Mozilla has fixed the Firefox and Firefox ESR
zero-day vulnerabilities with the release of its latest versions, Firefox
67.0.3 and Firefox ESR 60.7.1. These flaws were rampantly exploited by the
hackers to remotely execute arbitrary code onto the systems of the users who ran
vulnerable versions of the Browser.
The zero-day flaw tracked as CVE-2019-11707 takes
place when JavaScript objects are manipulated because of the issues in
Array.pop; before Mozilla came up with the patch, hackers could set off the
attack by misguiding users using vulnerable versions of the browser to visit a
malicious web address which is designed to take control of the infected systems
and consequently, execute arbitrary code onto the machines.
Referencing from the statements given by security
advisory of Mozilla, the Browser developers are "aware of targeted attacks
in the wild abusing this flaw" that could allow hackers who take advantage
of this zero-day flaw to take over the affected machines.

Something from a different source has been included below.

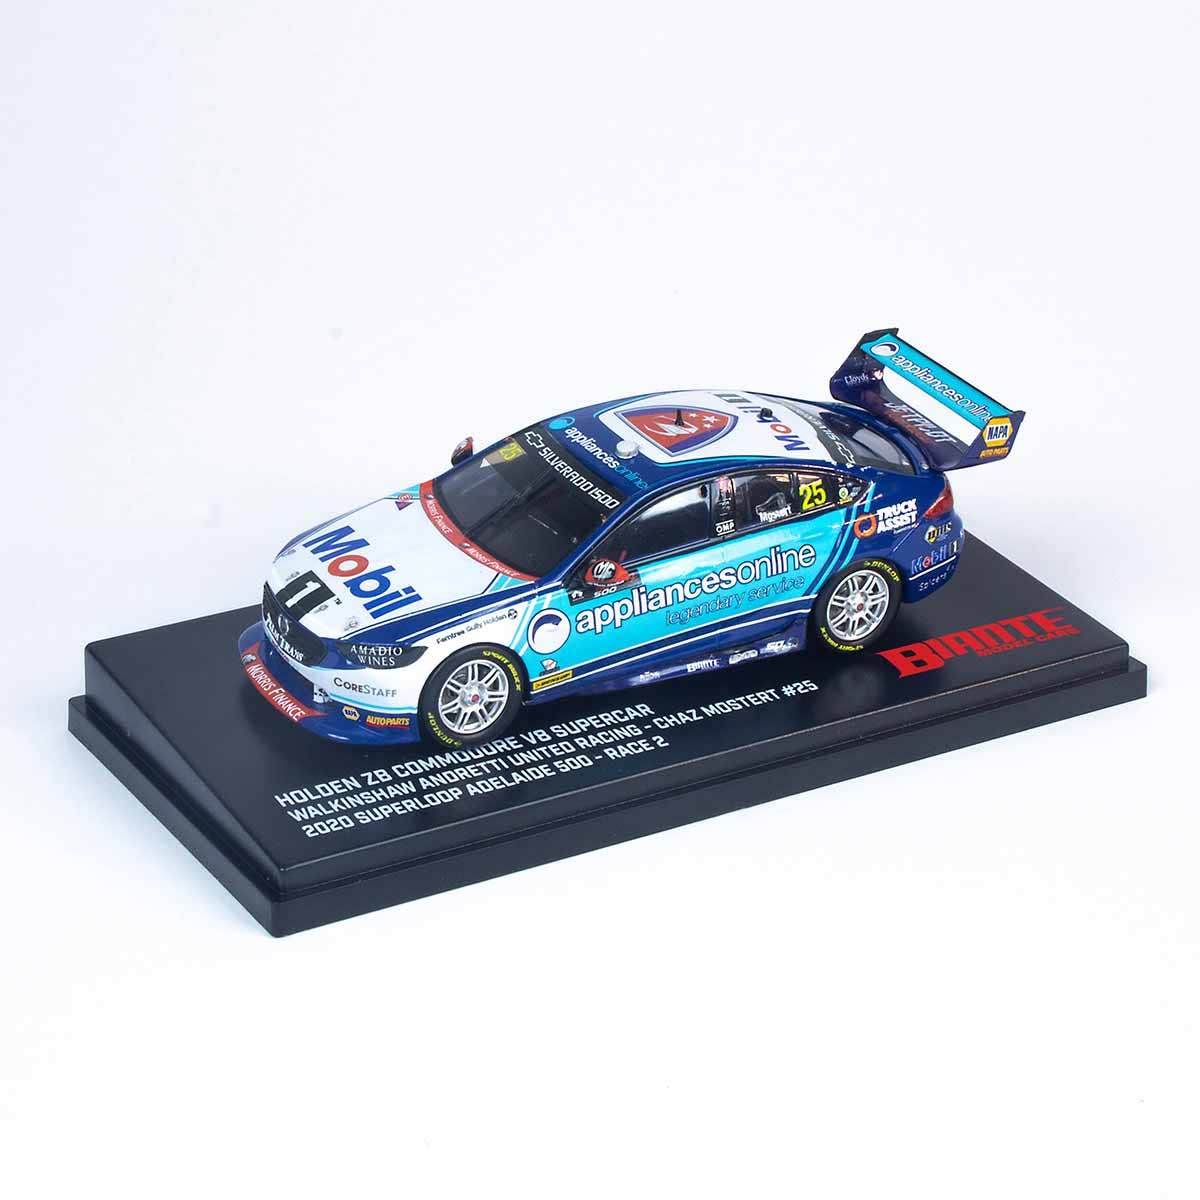 Holden ZB Commodore - Mobil 1 Appliances Online Racing - #25, C.Mostert - 2nd place, Race 2, Superloop Adelaide 500 - Diecast Model Car

As a security measure against the Firefox and Firefox ESR zero-day
vulnerabilities which were reported to Mozilla by Coinbase Security team and
Samuel Groß from Google Project
Zero, the
U.S. Cybersecurity and Infrastructure Security Agency (CISA) put forth an advise suggesting users "to review the
Mozilla Security Advisory for Firefox 67.0.3 and Firefox ESR 60.7.1 and apply
the necessary updates."
Commenting on the matter, Groß tweeted, “The bug can be
exploited for RCE [remote code execution] but would then need a separate
sandbox escape,”
“However, most likely it can also be exploited for UXSS
[universal cross-site scripting] which might be enough depending on the
attacker’s goals.” he added.
Mozilla has released a similar emergency patch, Firefox
50.0.2 and 45.5.1 ESR, earlier in 2016 as well. Back in 2016, the flaw was
exploited by cybercriminals to de-anonymize Tor Browser users and
accumulate their private data such as MAC addresses, hostnames, and IP addresses.